Disrupted childhood[edit]

In 1949 Ewald Erb moved his family from Rheinbach, in the British occupation zone, to Halle in the Soviet zone. He had already been offered and accepted an invitation to take a Humanities professorship at Halle University two years earlier but final confirmation of it had been deferred, apparently due to suspicions on the part of the authorities that he was an "English agent". When the girls and their mother arrived in Halle their father was therefore unemployed and suffering from some form of situational Neuropathy. Ute and her two sisters were removed from the family and installed at a Francke Foundation orphanage where they lived for the next few years. During the later 1940s the Francke Foundation assets in Halle had been expropriated and handed over to the control of the university, which after 1946 facilitated more direct levels of party control. While she remained at the orphanage, and as far as these circumstances allowed, Ute Erb received a conventional party approved upbringing, joining the "Young Pioneers" with the others. She also joined the children's group organised by Jenny Gertz, a dancer and Jewish concentration camp survivor. Meanwhile, the authorities seem to have been becoming reconciled, little by little, to the idea that her father was not a western spy. The university professorship never materialised, but he was allocated a job as a secondary school teacher. Later he became a senior research assistant at the university's Institute for German Literature which provided the opportunity to work on his "History of German Literature", a multi-volume Marxist compilation. At some point the family were reunited.[1]

First novel[edit]

Erb discusses her escape to the west and the reasons for it in her semi-autobiographical novel "Die Kette an deinem Hals" (loosely, "The chain round your neck") which she started to write at the suggestion of a friend, the physician and committed antifascist activist Joseph Scholmer.[1] By the time the book was completed and, in 1960, published, the author was living and working at the Kibbutz Gal'ed in the Galilee.[5] "Die Kette an deinem Hals" nevertheless enjoyed significant commercial success, despite being the author's first published novel. In due course a film version was produced (1965) and the book was translated into several languages.[6][7][8]

First marriage[edit]

By 1962 she was back in Germany, where she settled in Charlottenburg (West Berlin) and married Michael Pampuch, a professional simultaneous translator and singer. The couple's sons were born in 1961 and 1963. Erb and Pampuch also teamed up to produce a German language translation of Booth Mooney's then topical biography of President Lyndon Johnson.[1][9] The marriage ended in divorce in 1966, however.

Party memberships[edit]

After her youthful escape to West Germany, the homeland security services of East Germany continued to keep an eye on Ute Erb's activities.
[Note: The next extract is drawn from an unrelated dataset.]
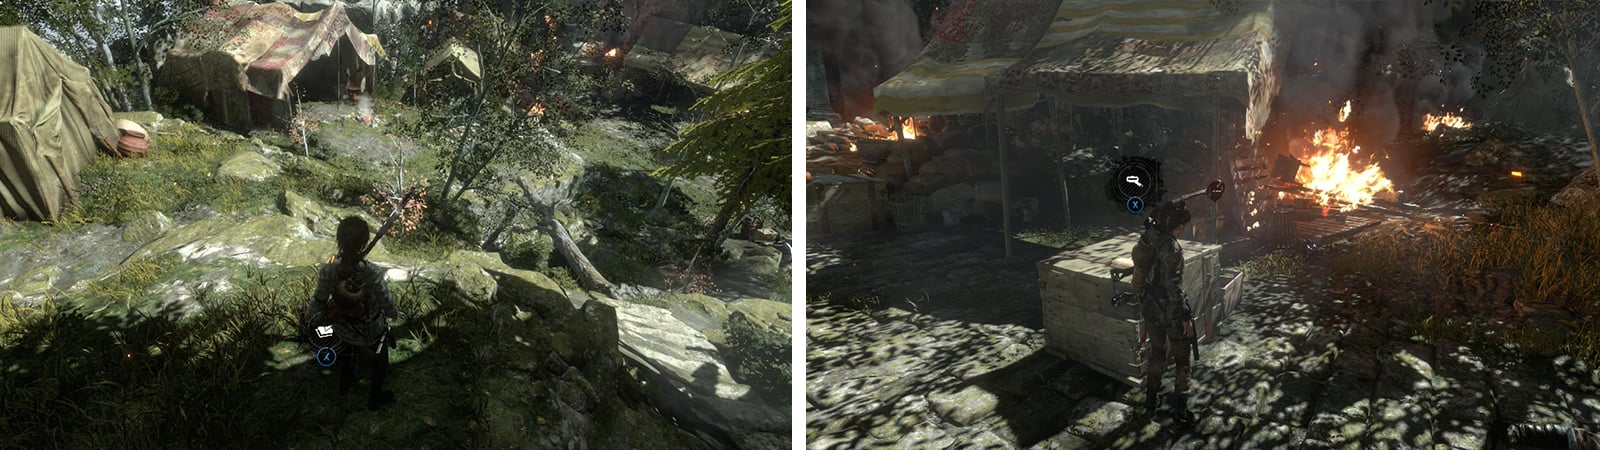 Before enetering town grab Survival Cache 01 (left). Opposite the Base Camp youll find Document 02 (right).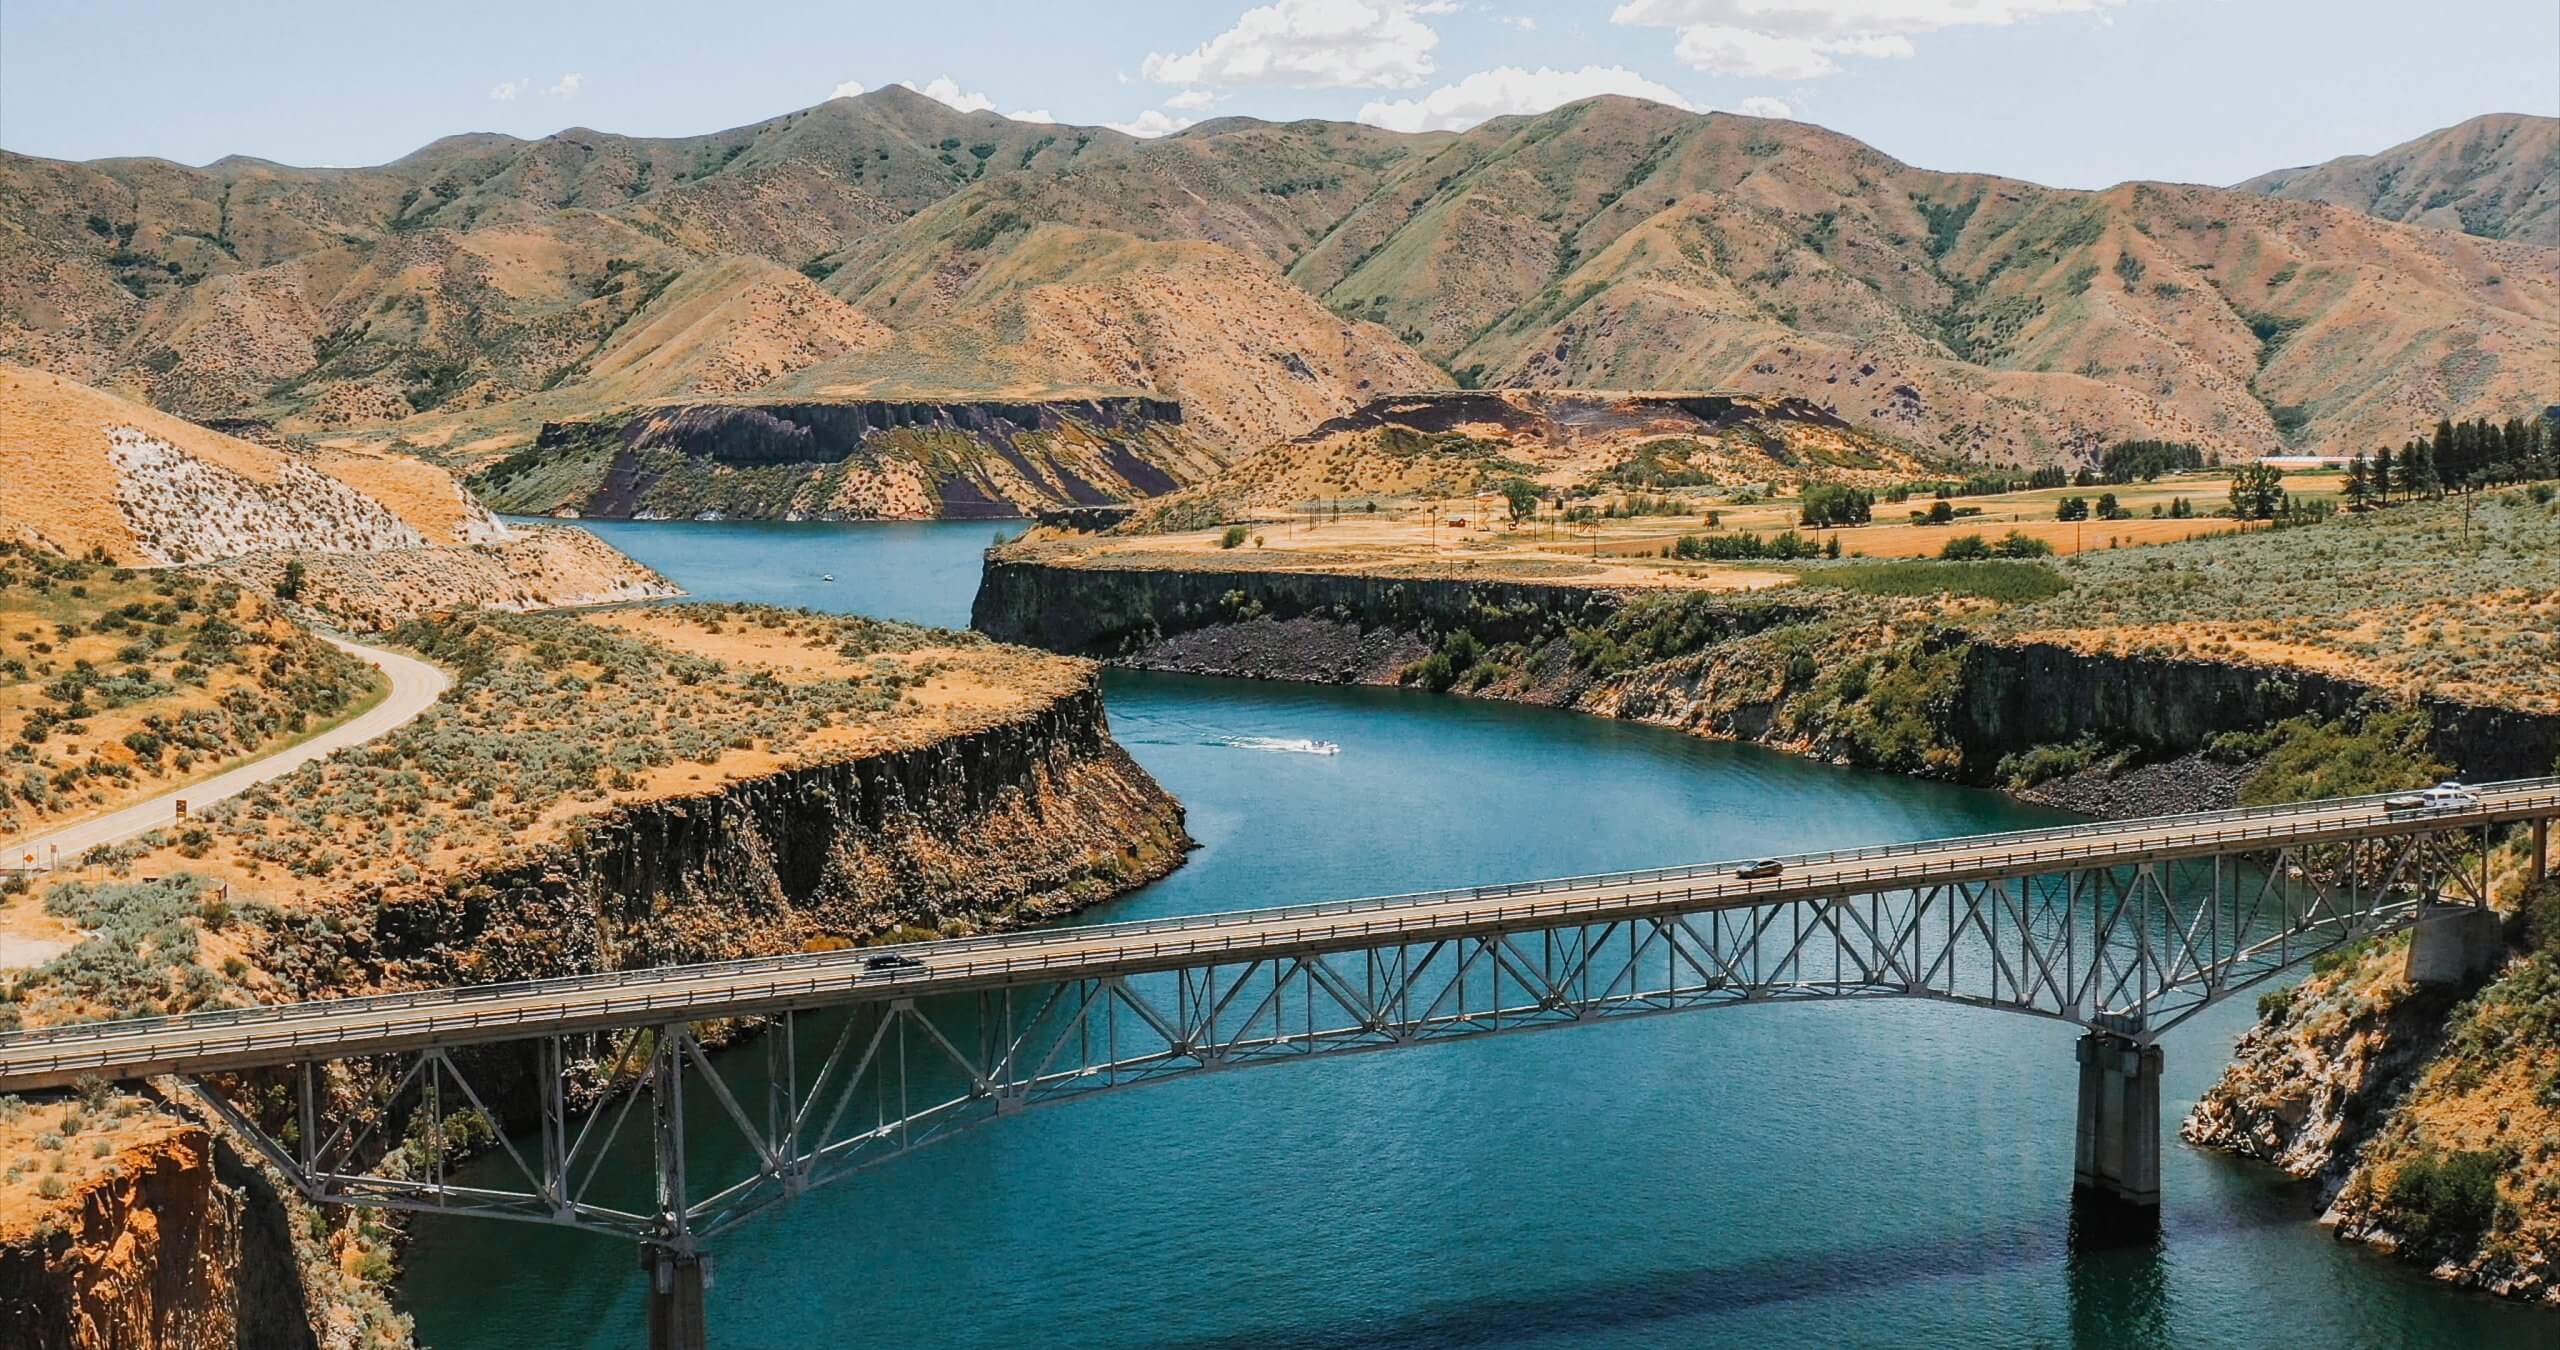 a bridge crossing a reservoir with mountains in the background

In May 1961 "IM Hermann" reported back to his handlers at the "Ministry for State Security in East Berlin, "she has a very idiosyncratic character, and insists on her own opinions".[1][a] It was an assessment which, had they known of it, party officials in the western Social Democratic Party would almost certainly have endorsed six years later. Ute Erb joined the SPD in 1967, but was excluded from it just four months later, primarily because she took a lead in disrupting a US-Troop parade in Berlin, as part of the wider struggle against the Vietnam War. Some years later, in 1970, she joined the Socialist Unity Party of West Berlin (SEW), a western branch of the East German ruling party.[10] Without the muscular state backing available in the Soviet sponsored German Democratic Republic, however, the Socialist Unity Party and its Berlin proxy never acquired significant traction in West Berlin or in West Germany, where after 1949 it was widely perceived as a proxy for Moscow's all-too traditional imperialist ambitions. Despite her party memberships, even though she was clearly involved in her own varieties of political activism, Ute Erb never became a significant figure in Berlin's party political scene.[1]

Tertiary education?[edit]

In May 1968 she passed the Abitur, which under most circumstances would open the way to university-level education. She was unusual but very far from unique in reaching this stage at the relatively advanced age of 27, making use of the so-called "Zweiter Bildungsweg" ("alternative education path"), which involved attending evening classes. She enrolled at the "Pädagogische Hochschule" (Berlin Teachers' Training Academy), supported by a bursary, but the financial and other pressures of combining the course with her responsibilities as a single parent and her political activism proved unsustainable, and she never finished that course. Instead she embarked on an apprenticeship as a compositor with the "Druckhaus Norden" printing business, also becoming a self-trained proof-reader.[1]

Second marriage[edit]

Ute Erb's second marriage, in 1973, was to the Austrian polymath-poet Hermann Schürrer. The marriage was followed by the couple's divorce in 1974, but the two remained good friends until Schürrer's death in 1986, working together on a number of written works.[1][11]

Activist[edit]

Ute Erb became part of the "Kommune 1" movement which grew out of the 1968 student protests. She was a co-founder and "lead tenant" of "Kommune 99" and active in the "Kinderladen" movement, dedicated to an alternative template for Kindergarten organisation,[b] their objectives summarized in the slogan, "More parents for each child".[1] Erb's political engagement led to a series of court appearances. The former militant and lawyer Horst Mahler provided her with legal representation on a number of occasions, but Mahler was himself not always at liberty, and in her later encounters with the criminal justice system Erb was represented by Hans-Christian Ströbele.[1]

Poetry volumes[edit]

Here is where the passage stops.